Why the Checklist Approach Fails
Every major technology company has published a set of AI principles. Google has seven. Microsoft has six. Meta, Amazon, IBM all have their version. They tend to look like this:
- Be fair and inclusive
- Be transparent and explainable
- Protect privacy
- Be accountable
- Be safe and secure
These are not wrong. They are just not actionable at the level of a sprint ticket. The problem is that the industry has treated RAI as a governance problem something you solve with a policy document, a review board, and a checkbox in the pre-deployment checklist. Governance matters, but it cannot substitute for engineering.
When a team ticks "Fairness Reviewed" before shipping a model, what did they actually do? In most organisations I've worked with, the honest answer is: they eyeballed the overall accuracy, confirmed there was no obviously sensitive column in the feature set, and moved on. That process would not have caught the postcode problem above. It does not catch proxy discrimination, intersectional bias, or feedback loop effects the three most common sources of harm in real production systems.
The Fairness Definition Problem
Before you can measure fairness, you need to define it. This sounds straightforward until you realise that the most common fairness definitions are mathematically incompatible with each other. You cannot simultaneously satisfy all of them on a realistic dataset.
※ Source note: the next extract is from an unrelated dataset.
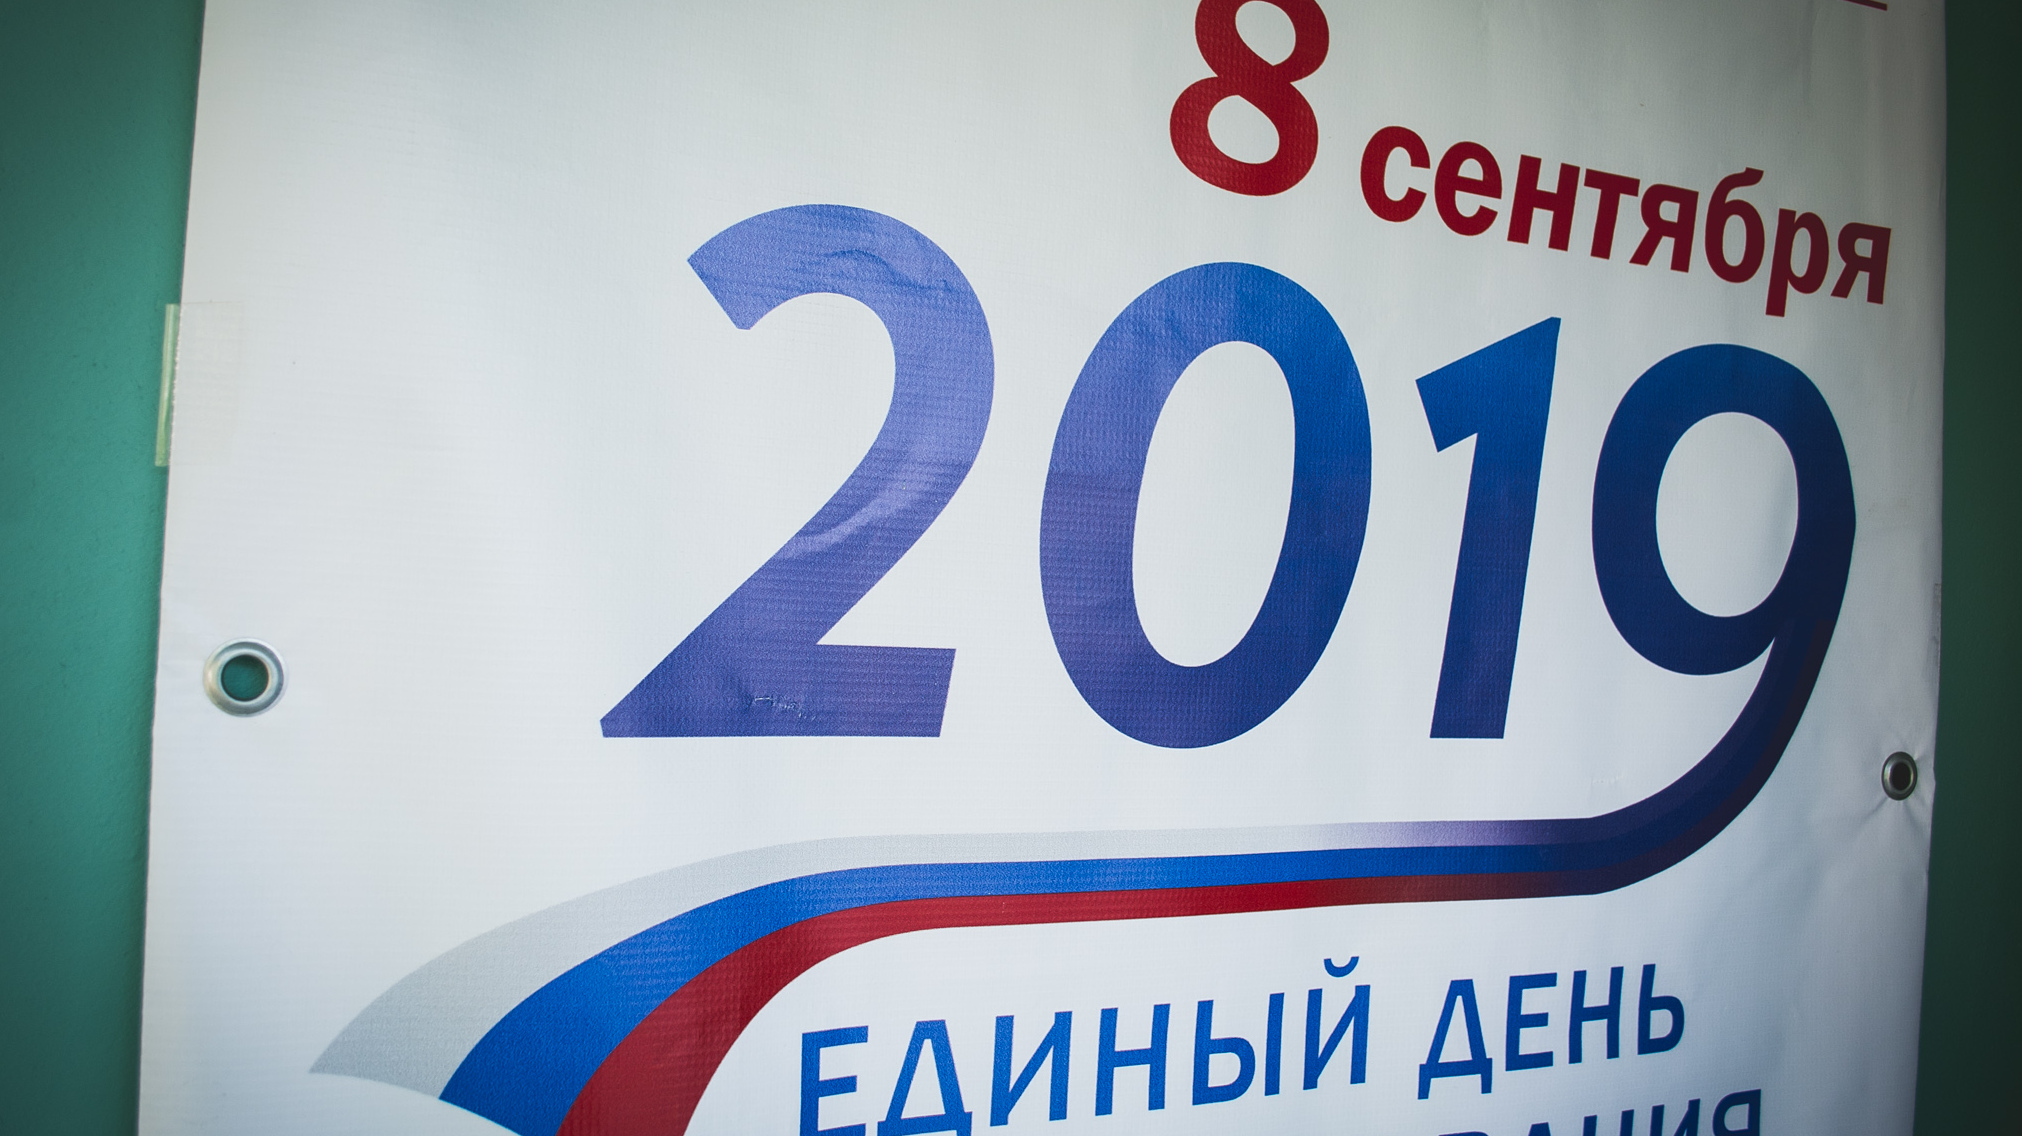 Тюменская область потратила 24,5 млн рублей на довыборы с рекордно низкой явкой

Here are the four definitions you'll encounter most often:
| Definition | What It Requires | Example |
|---|---|---|
| Demographic Parity | Equal positive prediction rate across groups | Approve loans at the same rate for Group A and Group B |
| Equalized Odds | Equal true positive rate AND equal false positive rate across groups | Same sensitivity and specificity for both groups |
| Equal Opportunity | Equal true positive rate across groups (relaxes false positive constraint) | Qualified borrowers from both groups approved at same rate |
| Calibration | Predicted probability equals actual outcome rate across groups | "60% default probability" means 60% actual default for both groups |
The Impossibility Theorem (Chouldechova, 2017; Kleinberg et al., 2016) formally proved that if the base rates of the outcome differ between groups which they almost always do in real datasets, precisely because of historical inequality you cannot achieve demographic parity, equalized odds, and calibration simultaneously.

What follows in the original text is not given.